_Recorded information:_
------------------------------

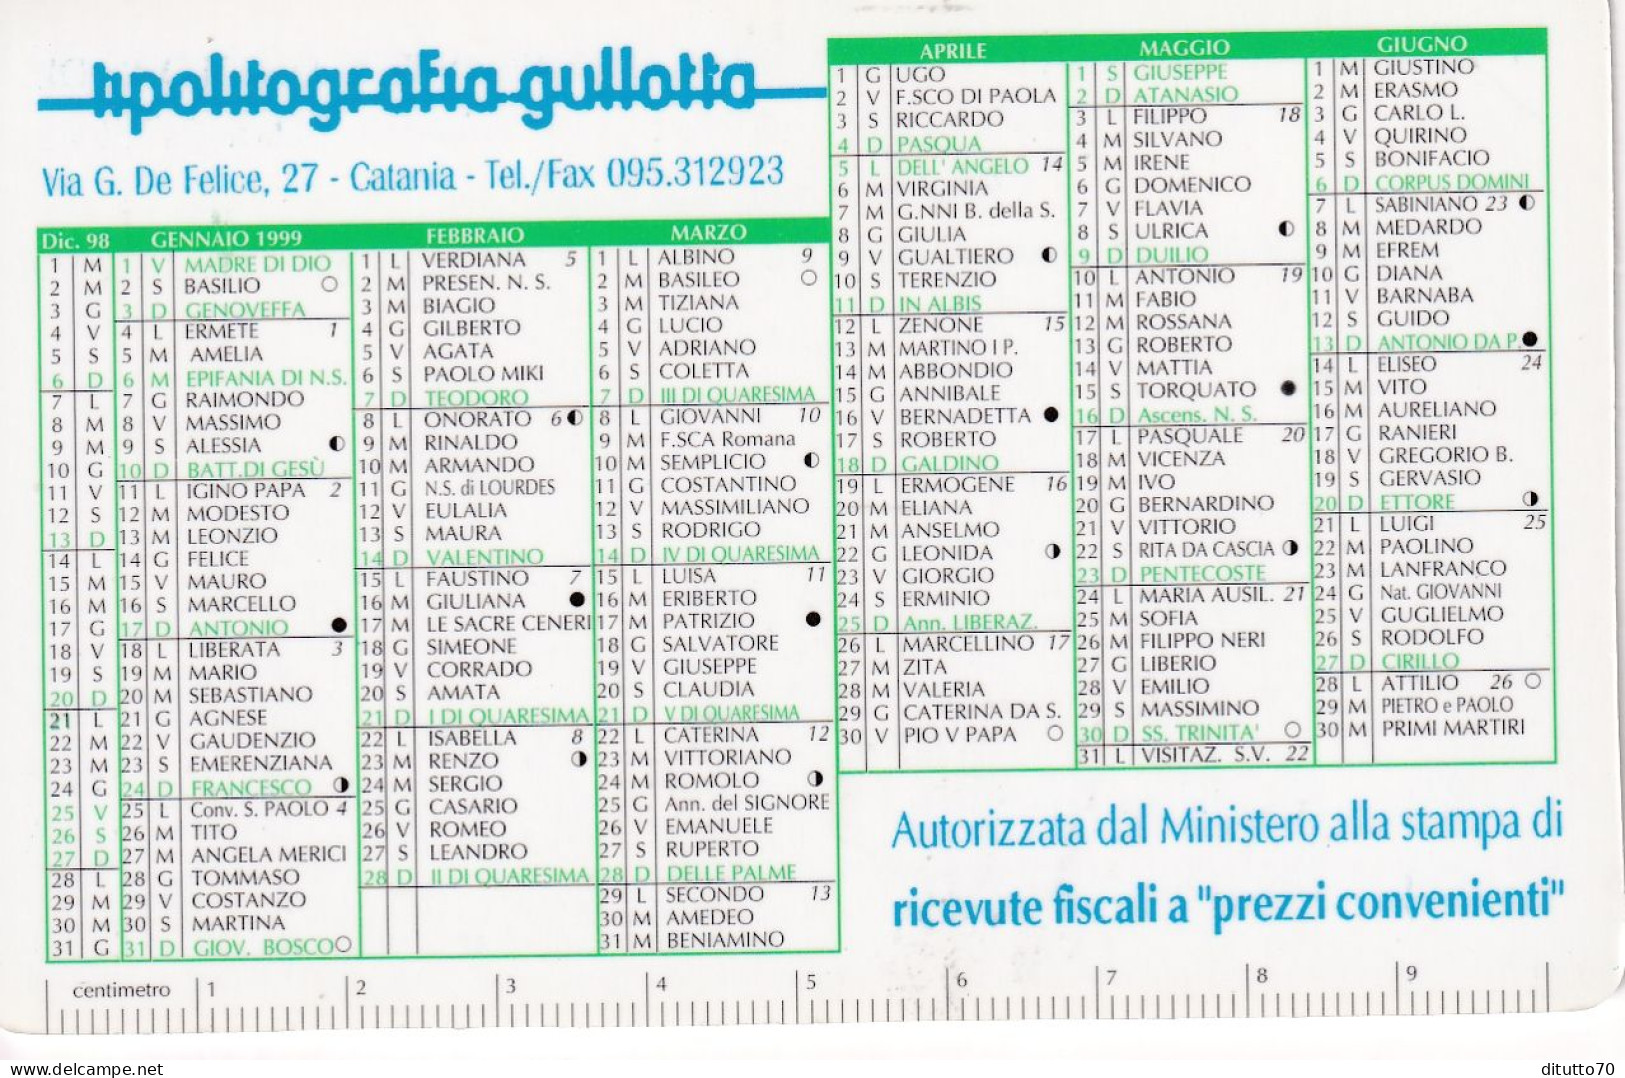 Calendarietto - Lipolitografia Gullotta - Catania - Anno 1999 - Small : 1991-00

------------------------------

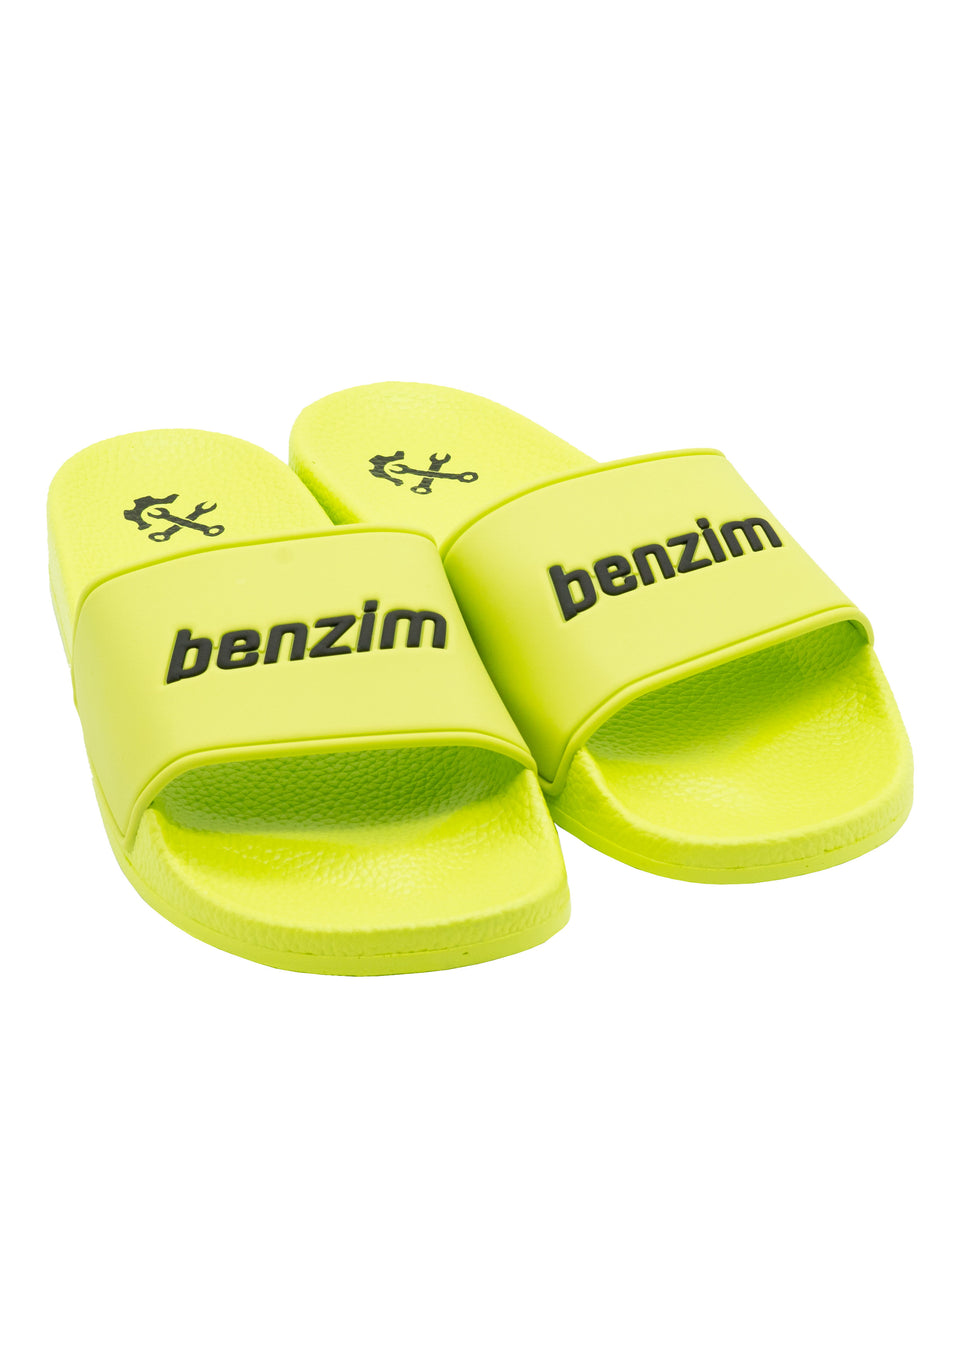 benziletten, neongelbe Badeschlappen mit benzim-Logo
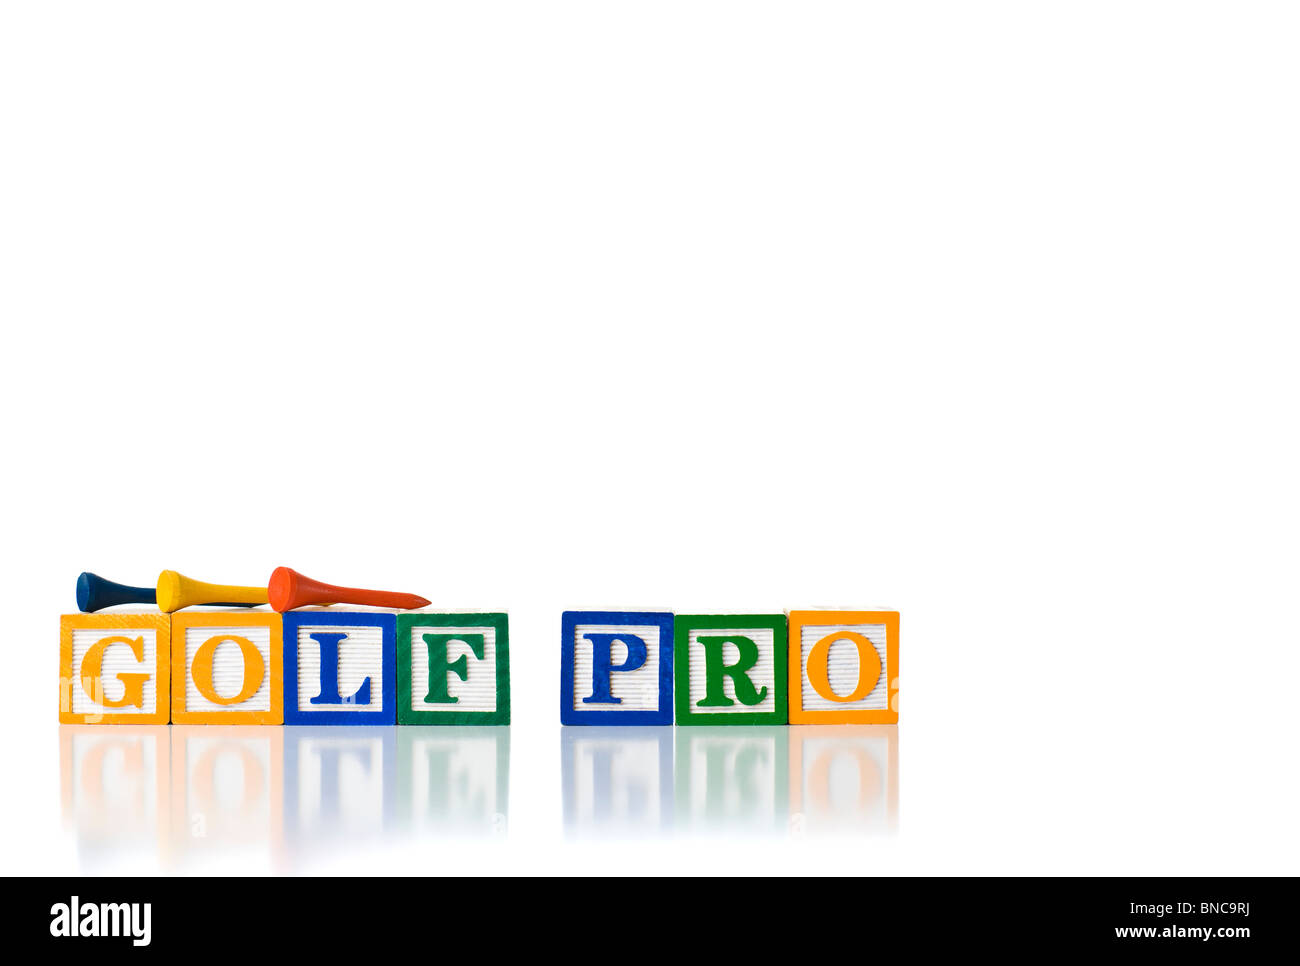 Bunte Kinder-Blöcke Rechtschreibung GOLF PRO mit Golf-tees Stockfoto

------------------------------

_Prompt:_ The lines to reproduce run from the one above containing "benziletten, neongelbe Badeschlappen" through the one containing "Bunte Kinder-Blöcke Rechtschreibung". Copy them exactly and leave out all pictures.

_Your response:_
 benziletten, neongelbe Badeschlappen mit benzim-Logo
 Bunte Kinder-Blöcke Rechtschreibung GOLF PRO mit Golf-tees Stockfoto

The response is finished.